**** Supplied information

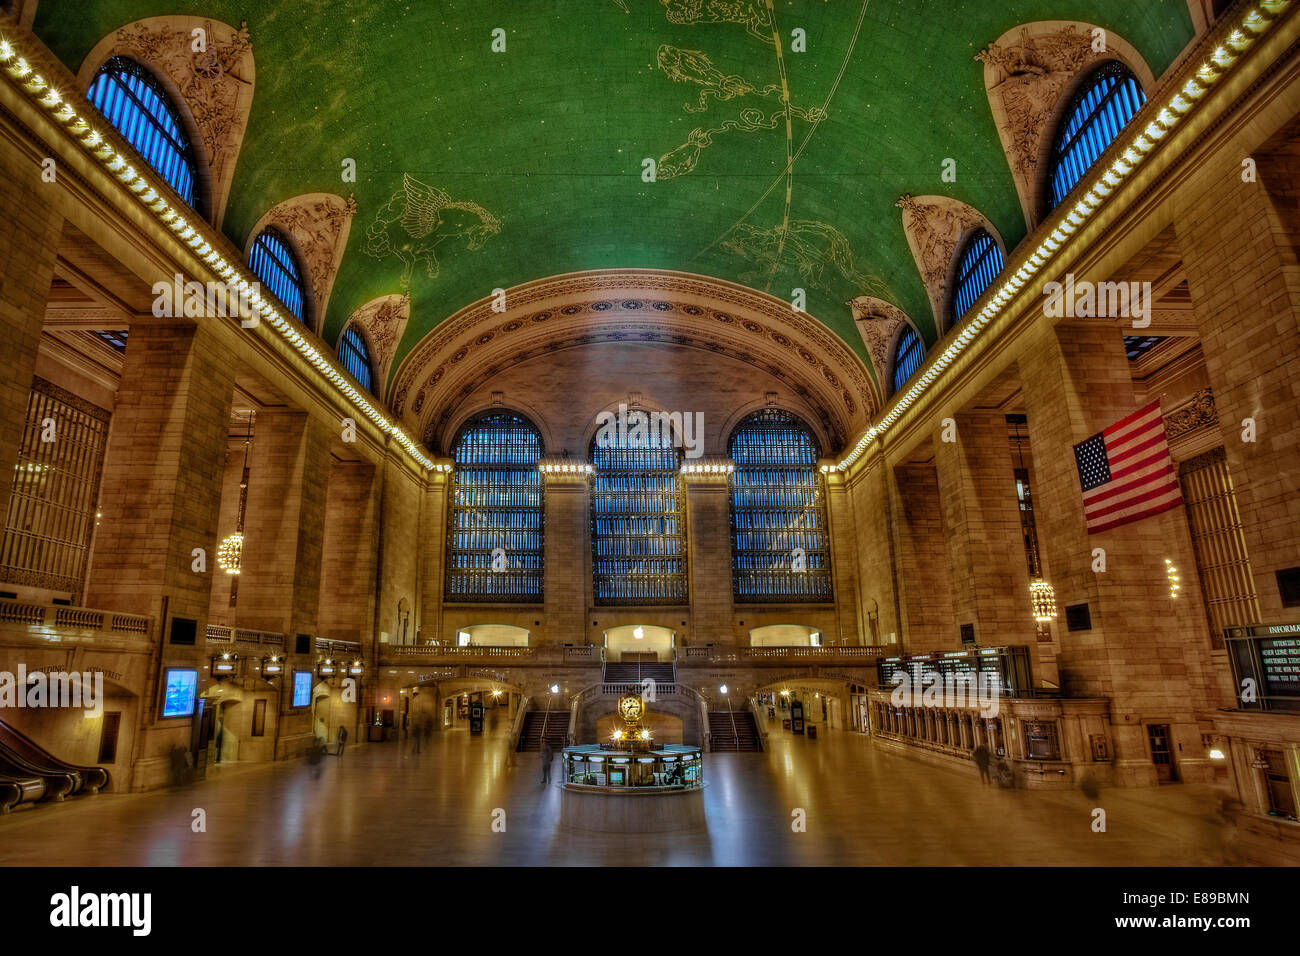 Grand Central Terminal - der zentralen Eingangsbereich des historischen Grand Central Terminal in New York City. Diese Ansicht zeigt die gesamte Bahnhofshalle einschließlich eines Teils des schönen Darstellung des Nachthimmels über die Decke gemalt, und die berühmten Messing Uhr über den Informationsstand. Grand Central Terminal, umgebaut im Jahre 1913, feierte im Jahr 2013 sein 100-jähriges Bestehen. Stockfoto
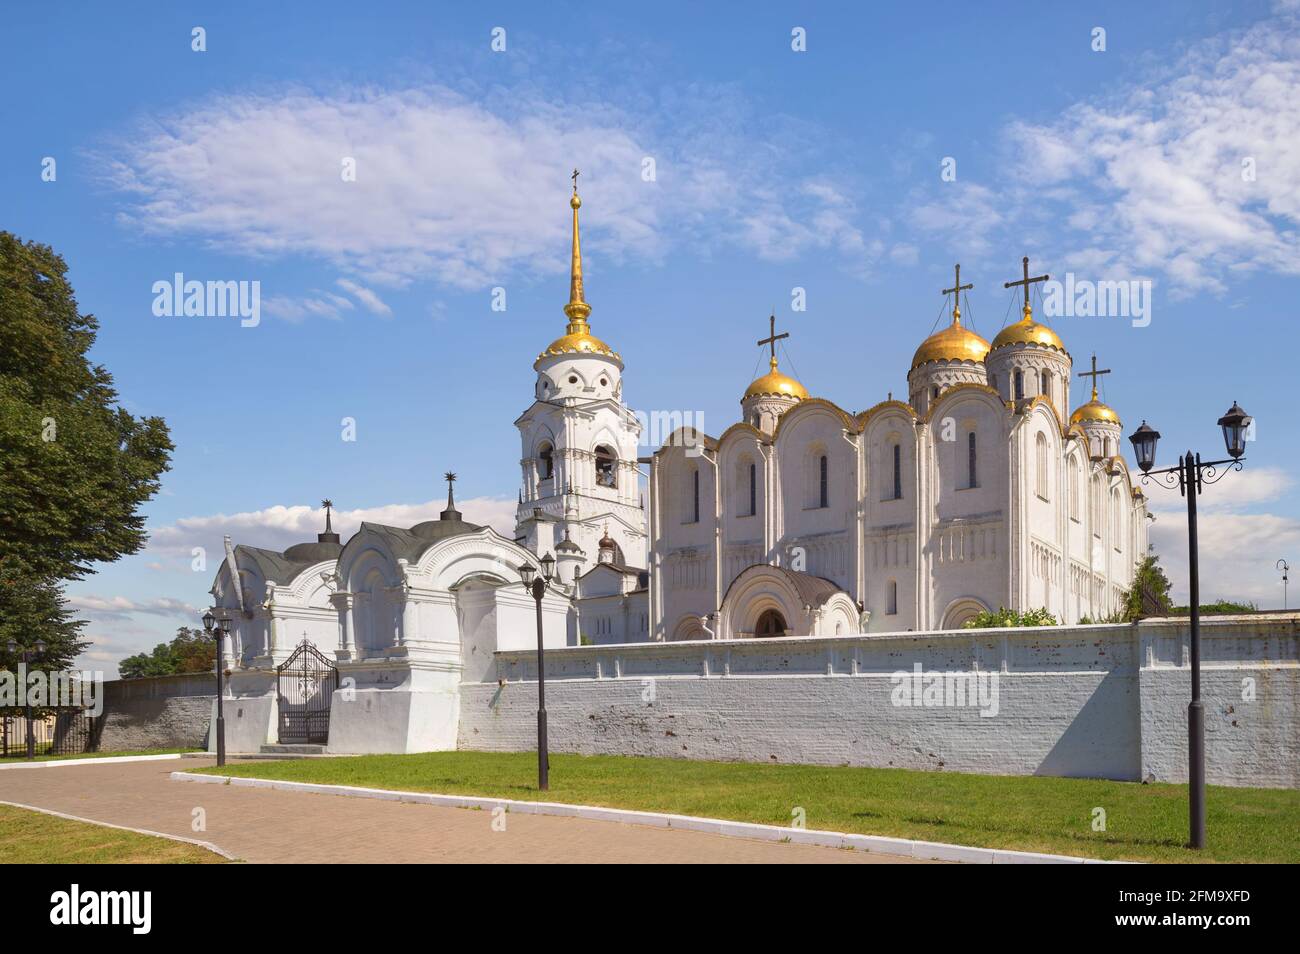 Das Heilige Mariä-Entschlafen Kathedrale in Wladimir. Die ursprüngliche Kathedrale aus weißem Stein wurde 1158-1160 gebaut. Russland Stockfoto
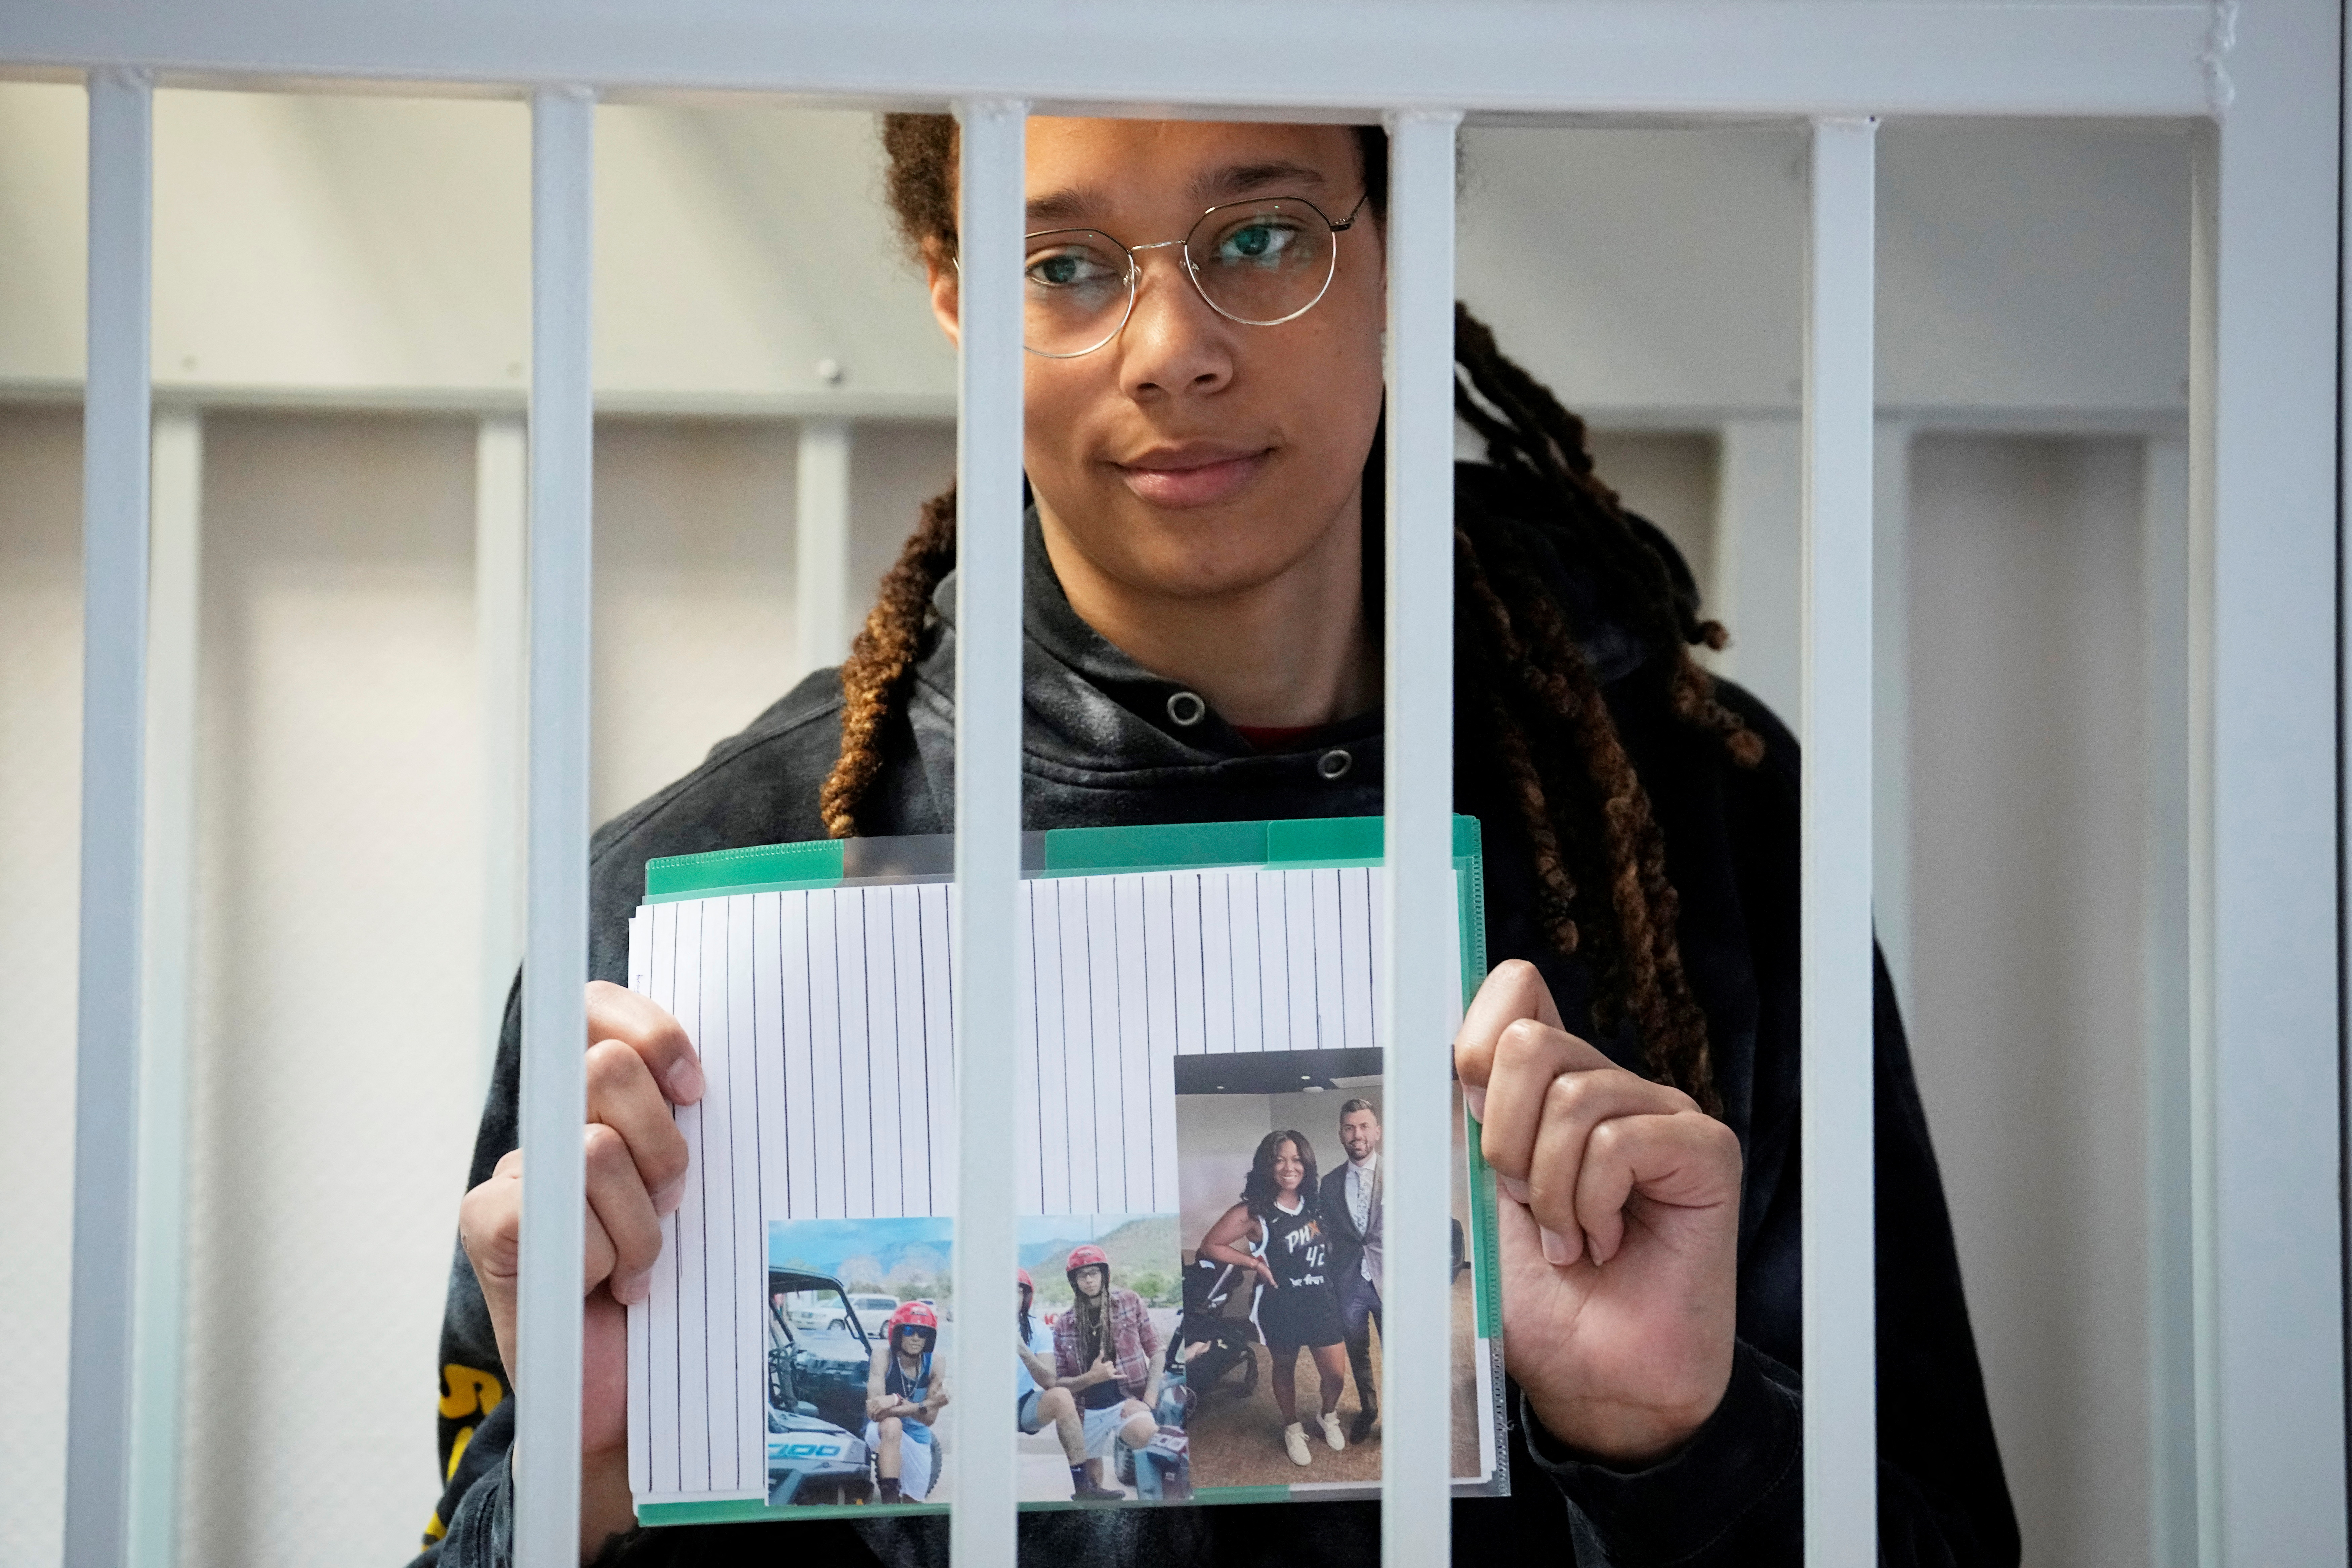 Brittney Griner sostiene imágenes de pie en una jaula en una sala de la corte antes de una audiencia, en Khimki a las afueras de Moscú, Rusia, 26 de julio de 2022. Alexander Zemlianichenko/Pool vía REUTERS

********

* **Assigned task**: The whole listing is to be duplicated verbatim, apart from its images.

* **Response**:
 Grand Central Terminal - der zentralen Eingangsbereich des historischen Grand Central Terminal in New York City. Diese Ansicht zeigt die gesamte Bahnhofshalle einschließlich eines Teils des schönen Darstellung des Nachthimmels über die Decke gemalt, und die berühmten Messing Uhr über den Informationsstand. Grand Central Terminal, umgebaut im Jahre 1913, feierte im Jahr 2013 sein 100-jähriges Bestehen. Stockfoto
 Das Heilige Mariä-Entschlafen Kathedrale in Wladimir. Die ursprüngliche Kathedrale aus weißem Stein wurde 1158-1160 gebaut. Russland Stockfoto
 Brittney Griner sostiene imágenes de pie en una jaula en una sala de la corte antes de una audiencia, en Khimki a las afueras de Moscú, Rusia, 26 de julio de 2022. Alexander Zemlianichenko/Pool vía REUTERS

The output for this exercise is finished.